Im Gottesdienst, der unter der Leitung der Neudietendorfer Dozenten Dr. Hanne Leewe und Torsten Hubel gemeinsam mit den ReligionslehrerInnen entwickelt wurde, standen Erfahrungen aus unterschiedlichen Übergangsphasen im Mittelpunkt, die unter anderem mit einem Anspiel zu Josua 1 illustriert wurden. Den anschließenden Empfang nutzten die zahlreichen Gäste, viele hatten Verwandte und Freunde zu diesem Anlass eingeladen, um den ReligionslehrerInnen ihre guten Wünsche mit auf ihren Weg zu geben.

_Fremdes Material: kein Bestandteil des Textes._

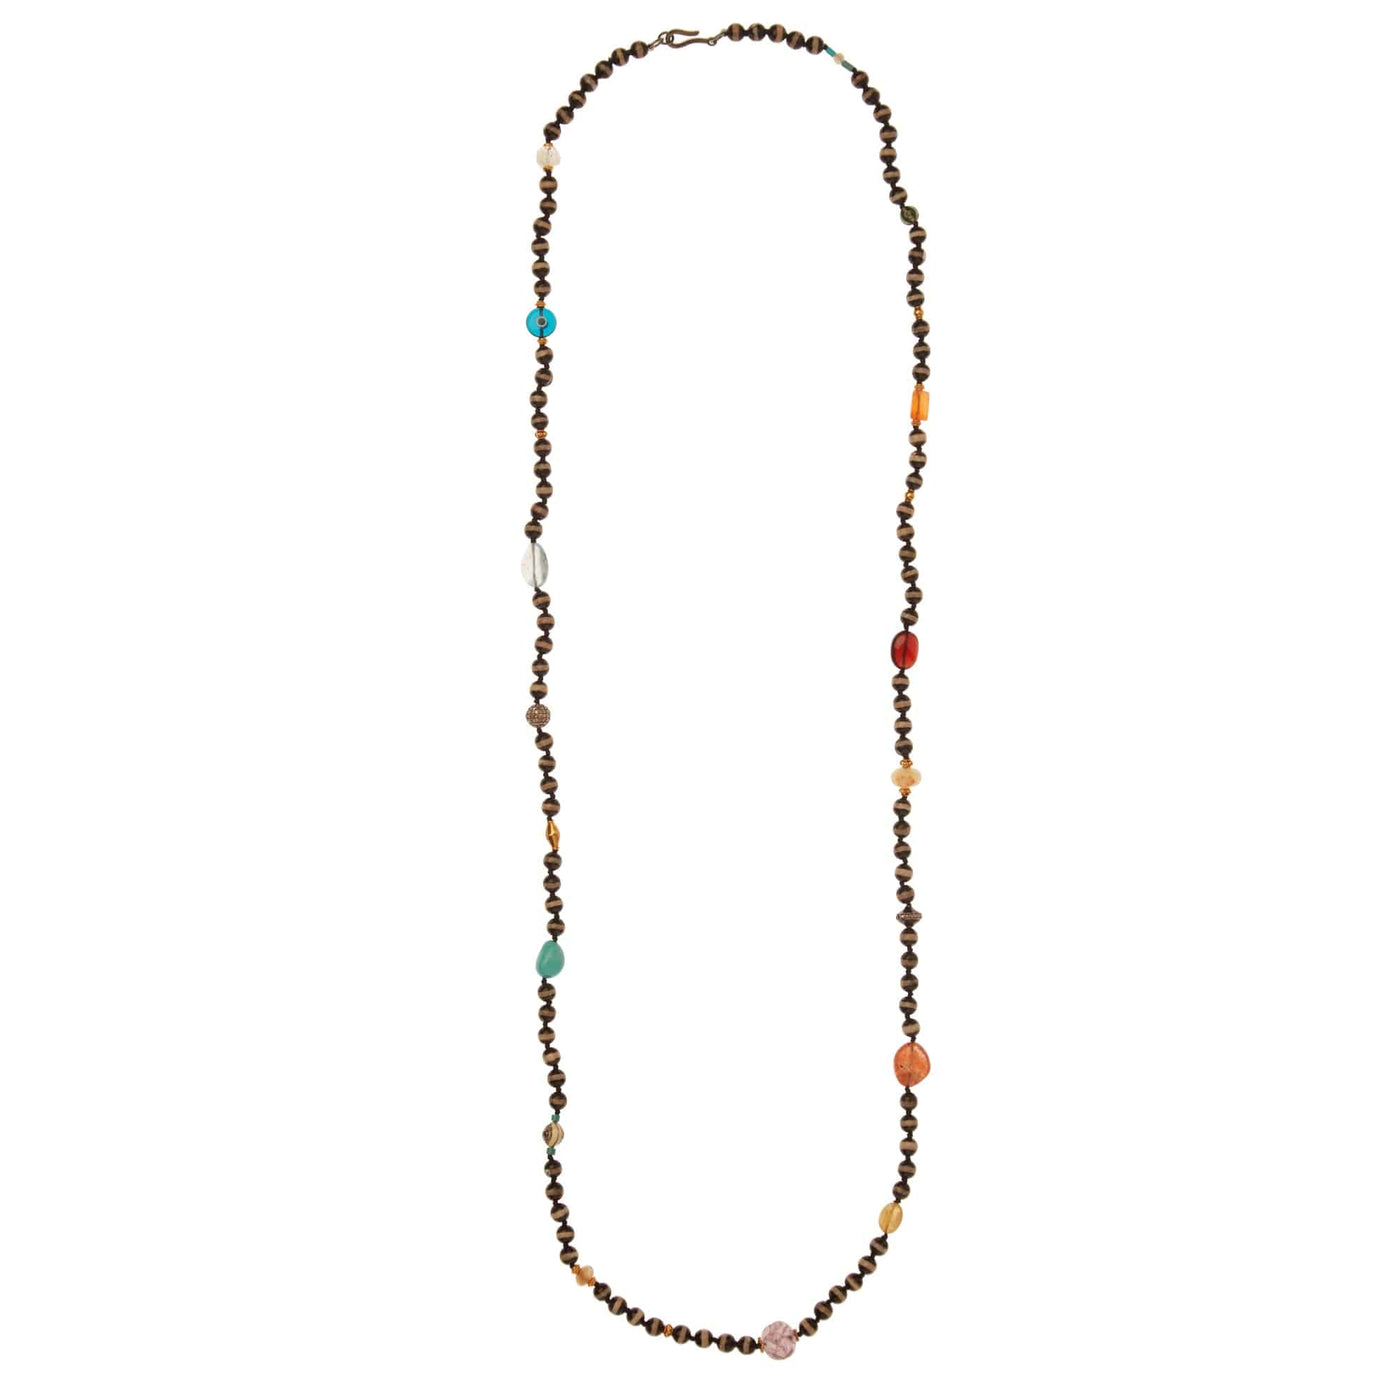 Black Agate Stripe Necklace 41 (100cm) - Globetrotter - Ileana Makri store

Im Fortbildungsteil des viertägigen Vokationskurses wurde unter dem Thema "Übergänge erleben, verstehen, gestalten" versucht, die eigenen Erfahrungen für die schulische Arbeit fruchtbar zu machen. Den Erfahrungsaustausch auf dem "Abend der Landeskirche" nutzten die ReligionslehrerInnen unter anderem auch um ihrem Wunsch nach Vernetzung Ausdruck zu geben. Im PTI wird darüber nachgedacht, künftig eine zweitägige "Wiedersehenstagung" für die in den letzten Jahren Vocierten durchzuführen.
Der nächste Vokationskurs findet vom 5.-8. September 2013 in Drübeck statt.